Others may say that these small things are unimportant, and I will beg to disagree. When you see the flag ceremoniously hoisted up and respectfully brought down every day, when you sing the national anthem daily, and when you recite Panatang Makabayan regularly, love of country and respect for its symbols are developed. These small ways of showing appreciation for the country’s emblems become a habit and come naturally. To this day, whenever the national anthem is played, I stand up with my right hand on my chest and sing, yes, sing the anthem.
I am proud to belong to this generation that has been brought up to respect and honor our flag. After all, this national symbol came to be because of the sacrifices of the many thousands of our revolutionists who fought two giants, Spain and America. We owe our independence to our valiant forefathers and mothers.
Our flag was designed by no less than the first president of the republic, General Emilio Aguinaldo and was made in Hong Kong by Marcela Agoncillo with the help of her daughter, Lorenza Agoncillo, and Dr. Jose Rizal’s niece, Delfina Herbosa de Natividad.
Gen. Aguinaldo came back to the country on May 17, 1898 to resume the Philippine revolution after Spain reneged on the terms of the Biak na Bato treaty. On May 28 after his arrival, arms and ammunition they bought (using the Biak na Bato money) for the revolution’s use arrived in a port in Alapang (now Alapan). Spanish forces came to confiscate the arms and this resulted in the Battle of Alapan won by the Filipino patriots. To celebrate this victory, Aguinaldo decided to show the jubilant people the Philippine flag for the very first time.
Two weeks later, on 12 June 1898, the same flag was formally unfurled to the public during the declaration of Philippine independence in Kawit, Cavite. This was also the very first time that the Marcha Nacional Filipina (now Lupang Hinirang), composed by Julian Felipe, was publicly played.
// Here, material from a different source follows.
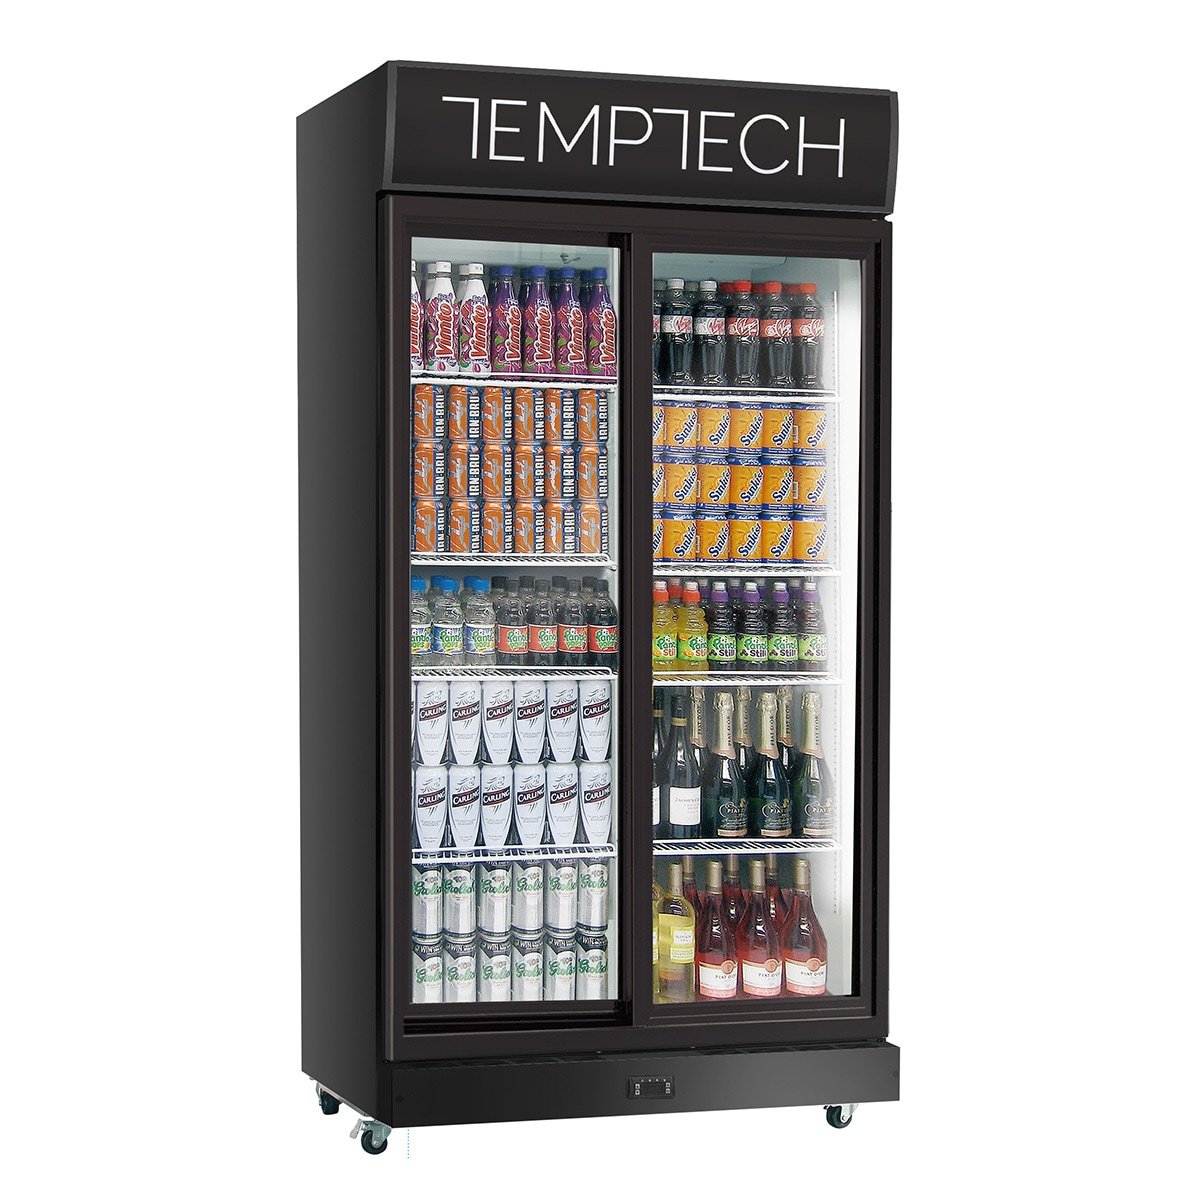 Temptech C800S kjøleskap - Elkjøp
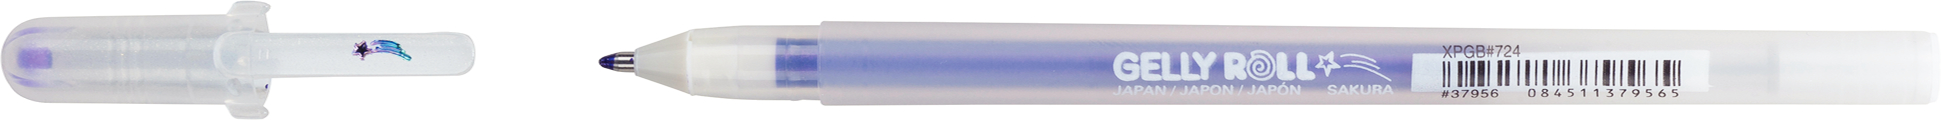 SAKURA Gelly Roll 0.5mm XPGB724 Stardust purpur Glitter

I can only imagine how jubilant and proud the people were to see and hear for the very first time these most important symbols of their beloved country! It must have been glorious to be Filipino particularly on that day.
May 28 to June 12 have become the Flag Days under Republic Act No. 849. Section 26 states, “The period from May 28 to June 12 of each year is declared as Flag Days, during which period all offices, agencies, and instrumentalities of government, business establishments, institutions of learning and private homes are enjoined to display the flag.”
Presently, the country is faced by many serious challenges from within and without. Our sovereignty is again threatened with our territories being disrespected, invaded even. We have just witnessed how Supreme Court Justices trampled upon the Constitution to oust the Chief Justice using an illegal quo warranto petition. We have a de facto dictatorship where one man, the President, is in full control of all three supposedly co-equal and independent branches of government. Our people continue to get killed without due process. Critics of the administration are harassed, imprisoned, or removed from office. The vice presidency is threatened.
More than a century ago, Filipino revolutionists sacrificed their lives for the independence and freedoms we now enjoy. But the very same freedoms are now under attack. It is time to show LOVE OF COUNTRY. It is time to stand up and fight for our people’s rights, to defend democracy, and our country’s sovereignty.
Flag Days are upon us. One way to show patriotism is by prominently displaying our flag. Proudly hoist our colors as a symbol that the Filipino people is sovereign. Just like in Alapan and Kawit where Gen. Aguinaldo and his men hoisted our flag in full defiance of the powers that be, we are now called to defy and oppose tyranny and foreign invasion. Fly our flag to say that we are protecting our rights, and the rights of our children and the future generations.
We are a nation of heroes. SA MANLULUPIG, DI KA PASISIIL.